The script, by Payne, Nat Faxon and Jim Rash – adapted from the novel by Kaui Hart Hemmings – takes delightful amusement in shooting down our ingrained assumptions about its characters. In a lazier film, Woodley’s Alexandra would be portrayed as a stereotypical antagonistic brat, snidely bickering with her father before a last minute heartstring-pulling reversal. Instead, the writers know well that, when called upon, emotionally turbulent teenagers are capable of great leaps of maturity and selfless sacrifice. They also give fascinating depth and dimension to their considerable stable of supporting players, including Robert Forster, who earns the film’s biggest laugh as Matt’s fiercely proud father-in-law, and Beau Bridges, as a leading member of the King clan who is hugely invested in the land sale. Heck, even Sid, juvenile and awkward as he may be, ain’t such a bad kid after all!Rising to the classy occasion, George Clooney gives one of his most accomplished performances. Long celebrated as one of our top-ranking modern movie stars, it’s rare anyone takes the time to acknowledge what a giving actor he is. A less secure performer might vie for attention, surrounded by a cast of this pedigree, but Clooney is confident enough to play understated and let his co-stars steer the scene.
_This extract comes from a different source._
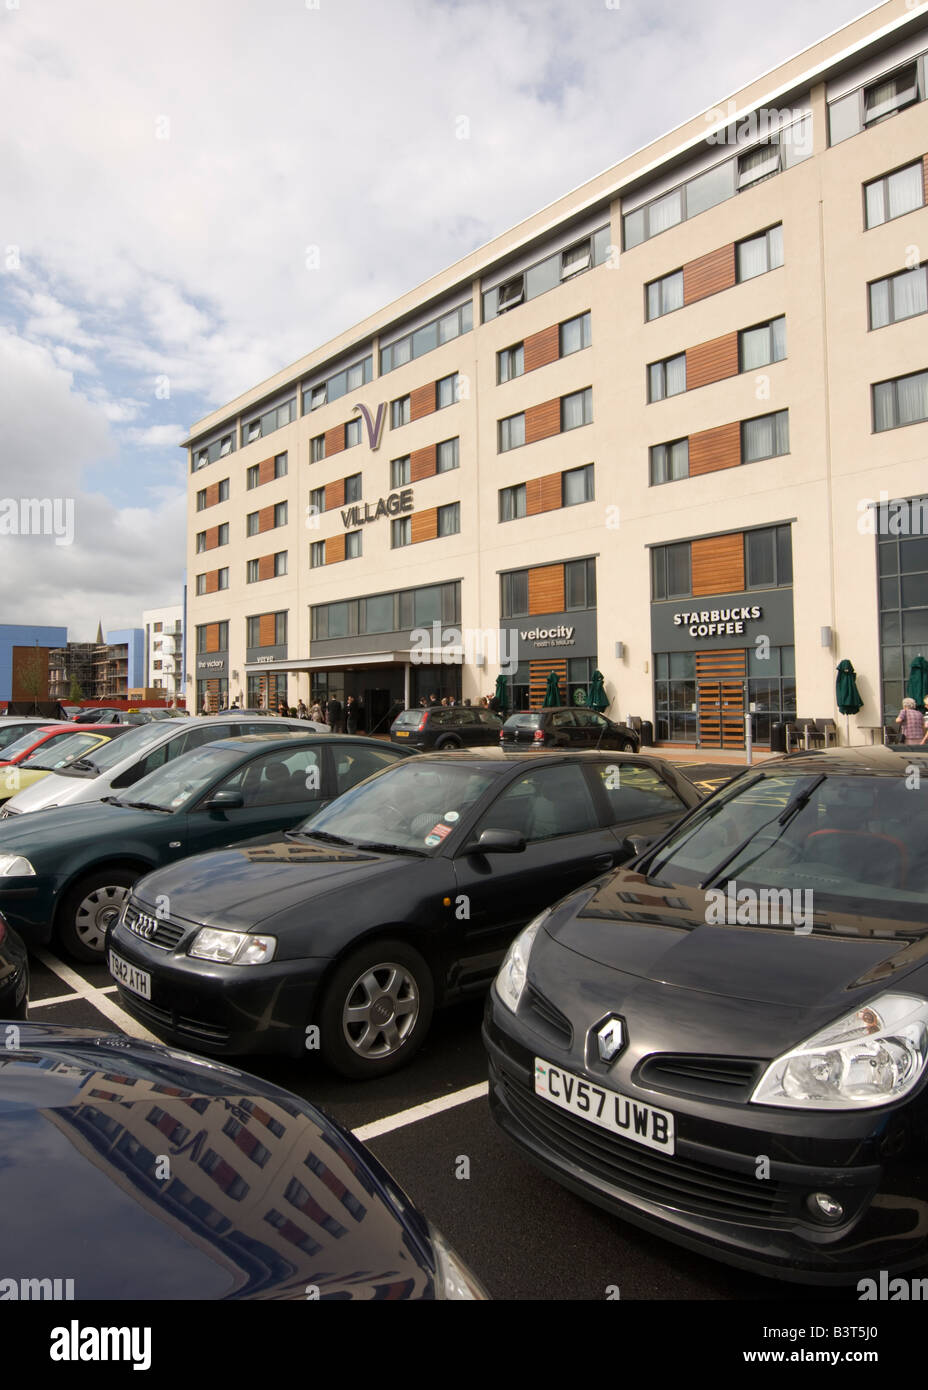 Das Dorf Hotelkette in Swansea SA1 Sanierung Zone, Wales UK, außen, parkten Autos außerhalb Stockfoto

You can sense real trust between him and his inexperienced on-screen daughters, Woodley – who has a blindingly bright future ahead of her – and Miller, and his performance benefits immensely from their natural shared chemistry.
It’s worth noting how much of Clooney’s stand-out work is nonverbal. There’s a fantastic moment in a bar and grill where, after receiving some shocking news, Matt temporarily disengages from everything around him. In Clooney’s anxious, dazed mannerisms, you can feel him fighting valiantly to maintain his composure. Conversely, he hilariously drops all shreds of his characteristic cool is an inspired comedic bit frantically racing down the street in flip-flops. Payne calls on him for true fireworks, though, in a pair of scenes in his wife’s hospital room, the latter of which will likely receive considerable (and deserved) airtime at the next Oscar ceremony.
Given the craftsmanship and sophistication on display in The Descendants, it’s a hard to figure out how the unnecessarily longwinded opening narration ended up tacked onto the first fifteen minutes. Rarely has such a dizzying amount of exposition been dumped in such a breathless amount of time. It seems strange that Payne – a helmer who can be counted on to have faith in his audience – would choose to include such a shockingly on-the-nose voiceover.
Still, it’s easy to forgive such a brief misstep when there’s so much to treasure. To watch this picture is to witness a masterful filmmaker joyfully fashioning a brand of beautiful entertainment that only he’s capable of achieving. Coming in the last few weeks of a troublingly spotty year for quality cinema, The Descendants is a sunny little cinematic oasis that’ll leave you feeling charmed, moved and beaming ear-to-ear.